- **TASK PROMPT**:
Give an unaltered copy of the listing below, minus its pictures.

- **SOURCE DATA**:
#####

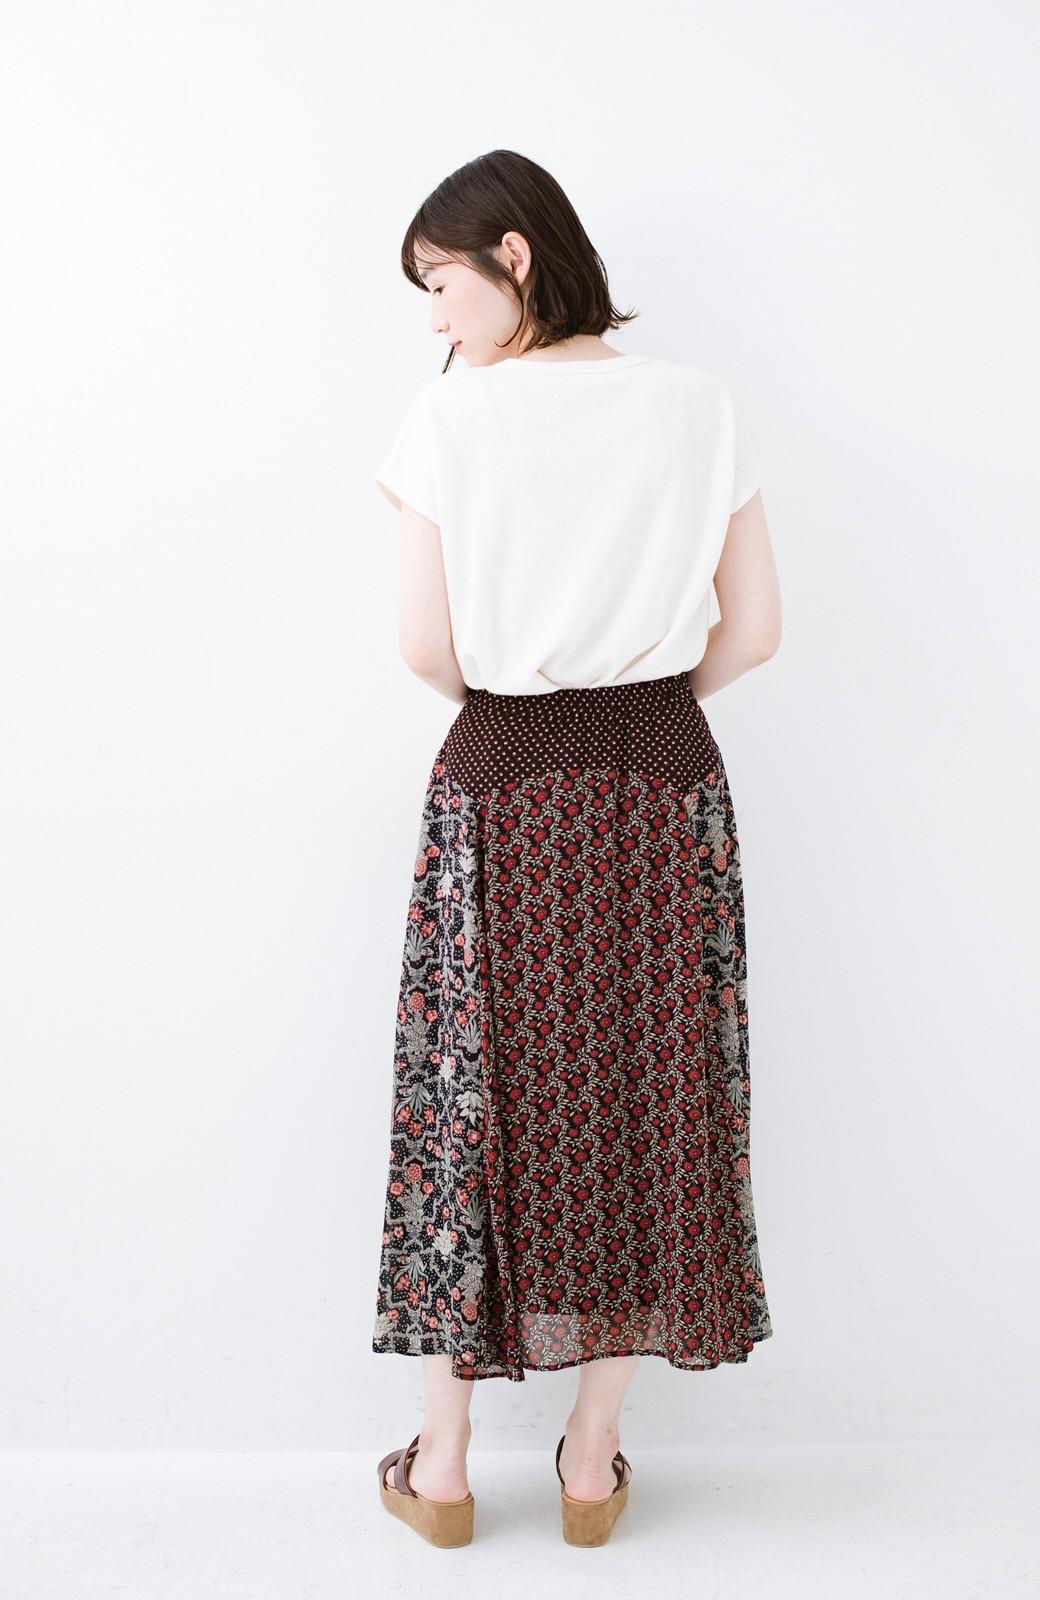 haco! 【洗濯機洗いOK】シンプルなトップスに合わせるだけでかわいくなれる MIX柄スカート <ブラック系その他>の商品写真14
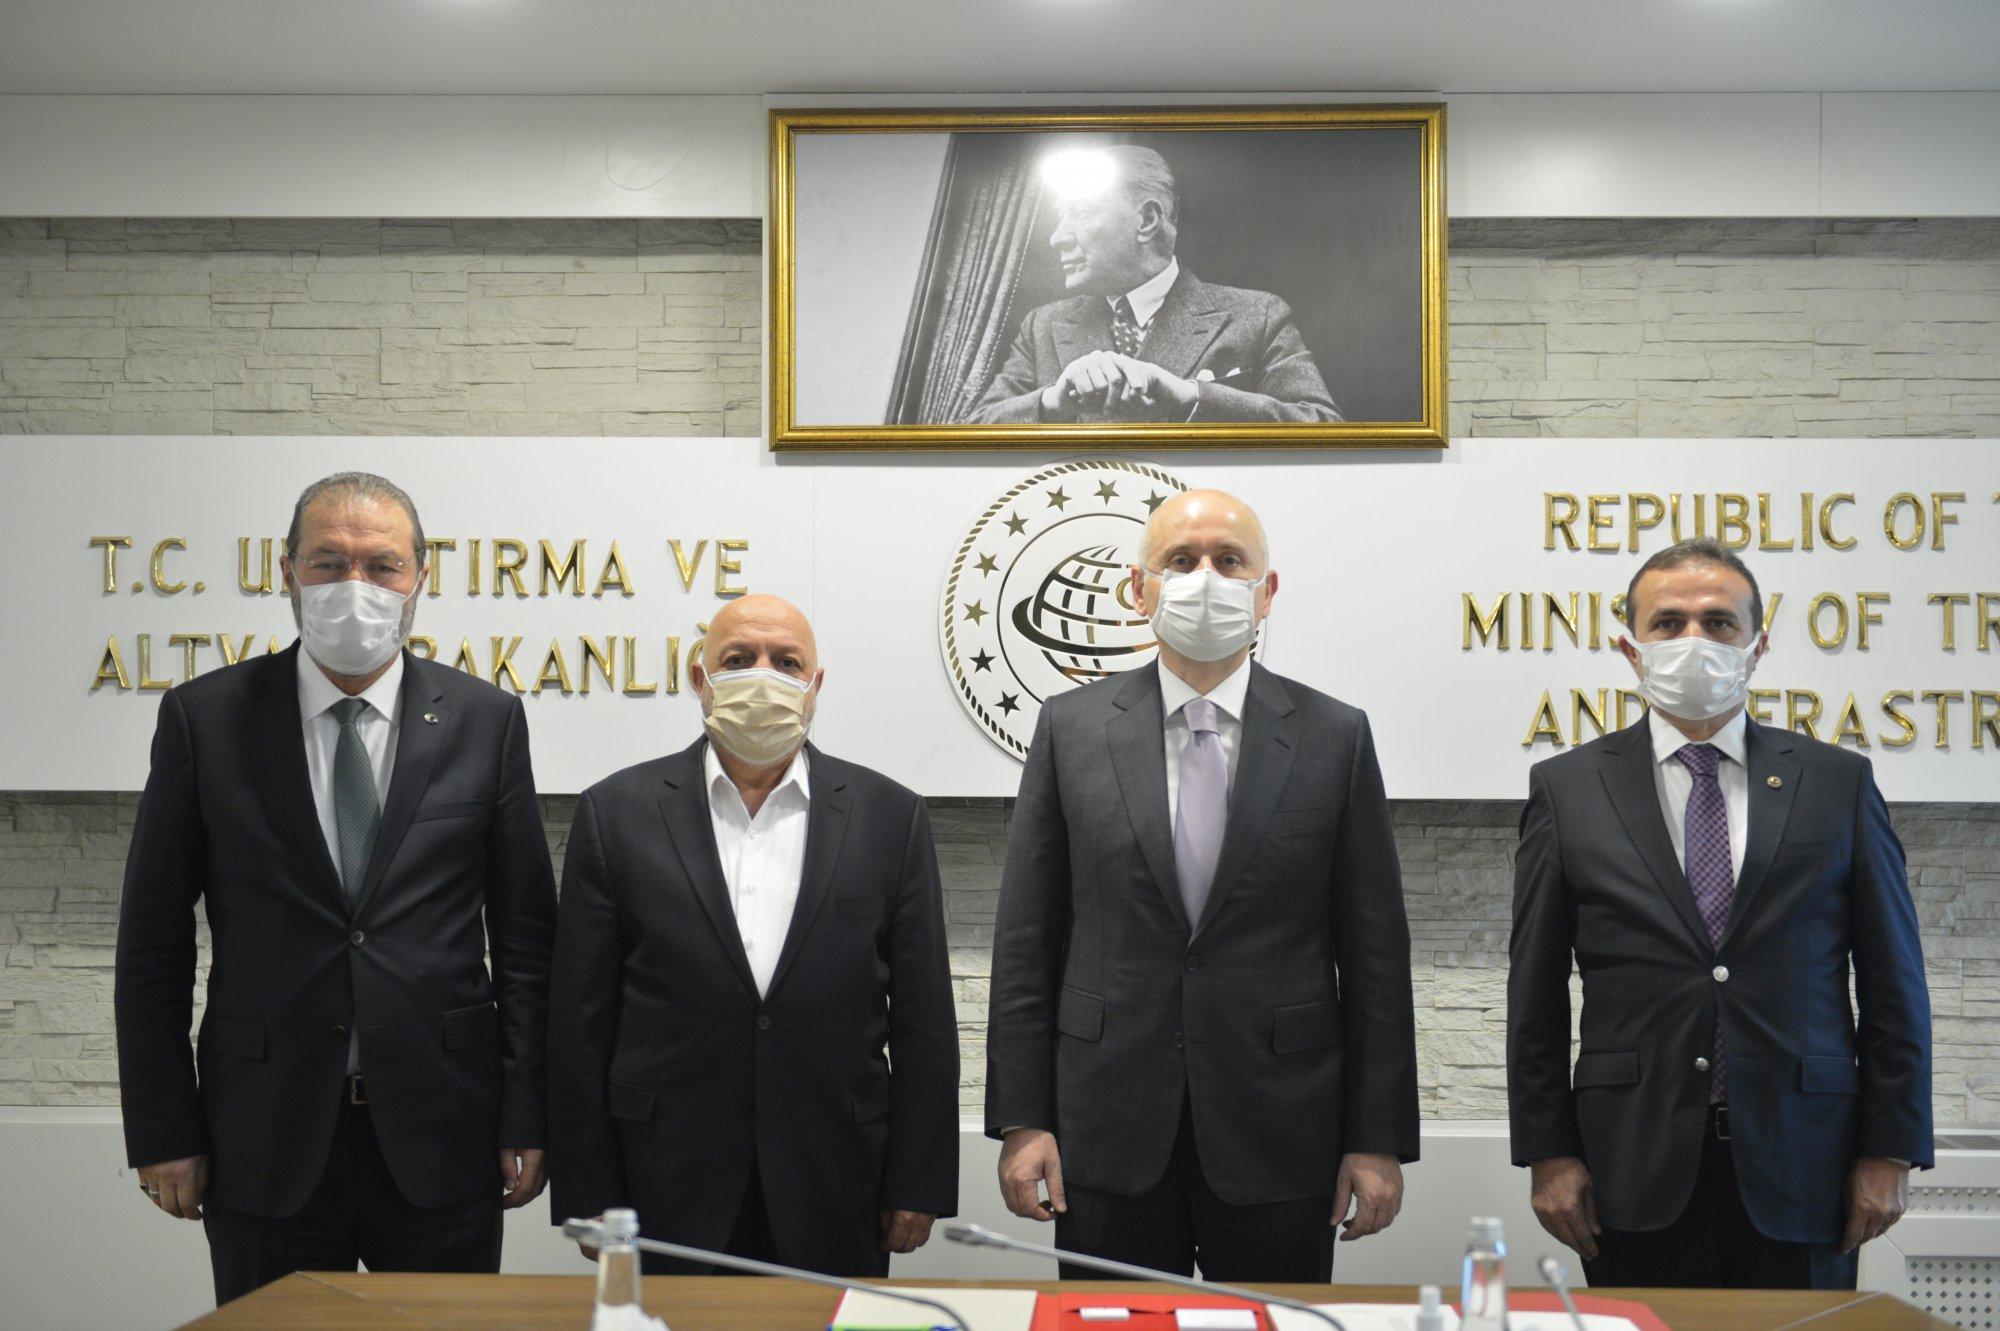 ARSLAN'DAN ULAŞTIRMA BAKANI KARAİSMAİLOĞLU'NA ZİYARET
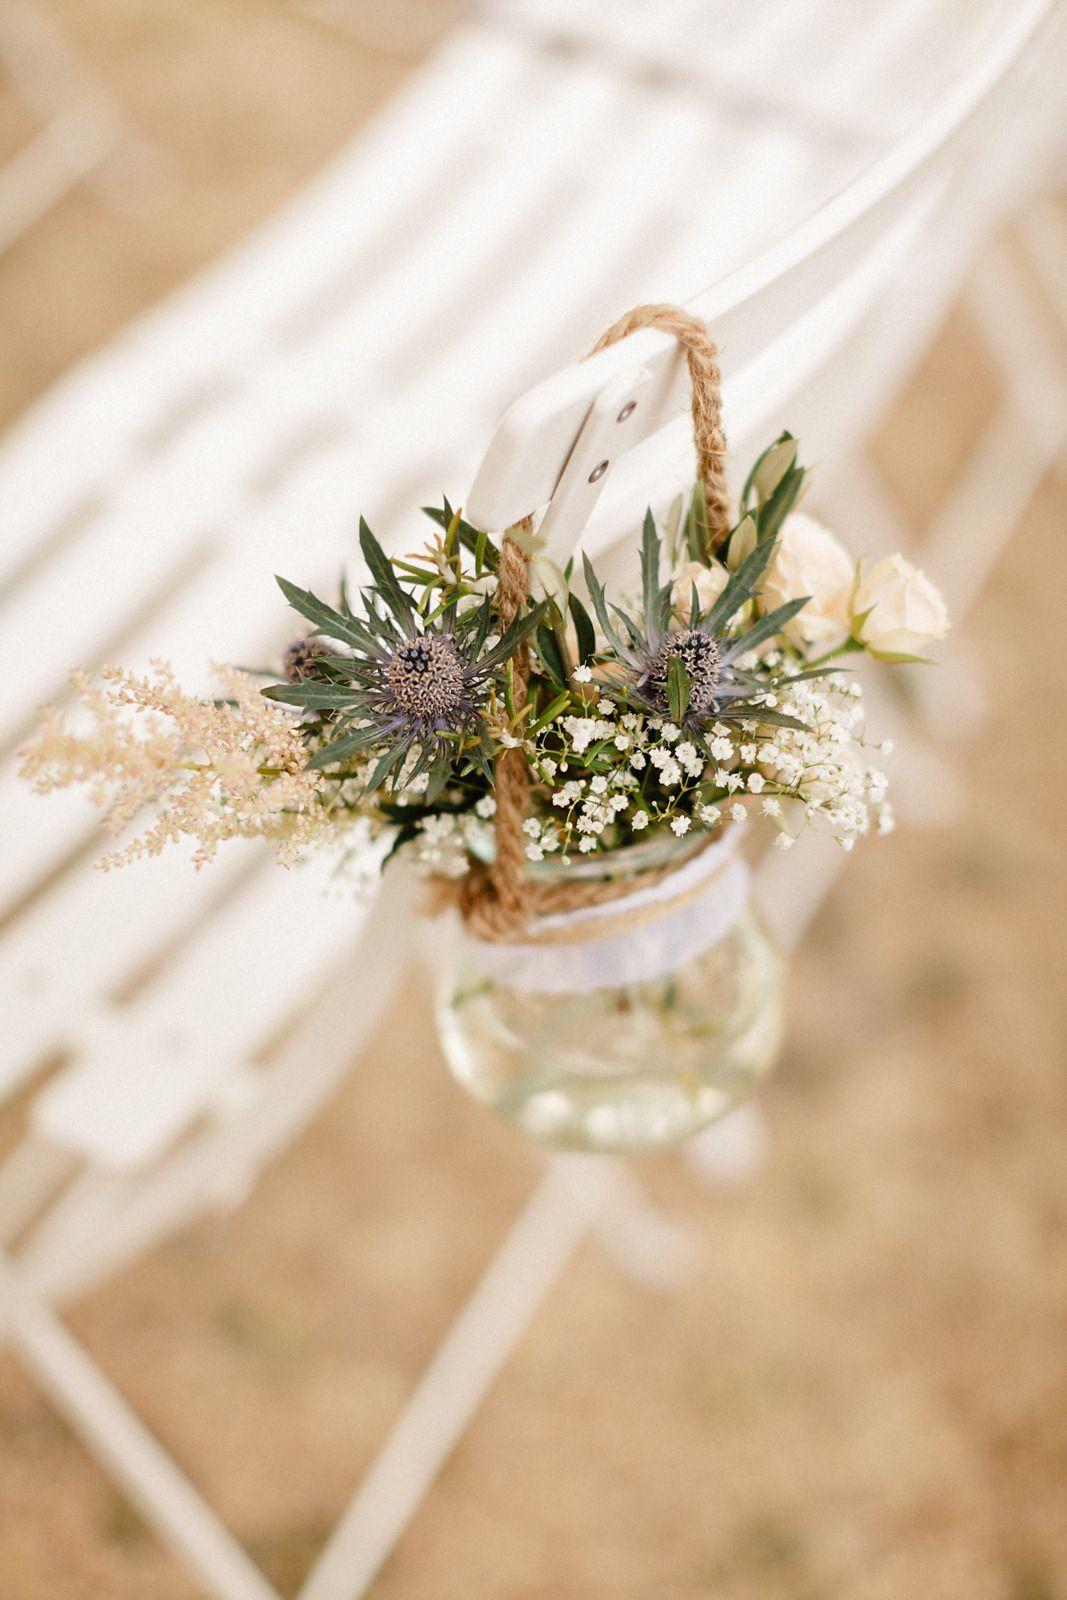 Lavender decor for wedding French Bridal Boudoir  Provence Weddings and Wedding

#####

- **OUTPUT**:
 haco! 【洗濯機洗いOK】シンプルなトップスに合わせるだけでかわいくなれる MIX柄スカート <ブラック系その他>の商品写真14
 ARSLAN'DAN ULAŞTIRMA BAKANI KARAİSMAİLOĞLU'NA ZİYARET
 Lavender decor for wedding French Bridal Boudoir  Provence Weddings and Wedding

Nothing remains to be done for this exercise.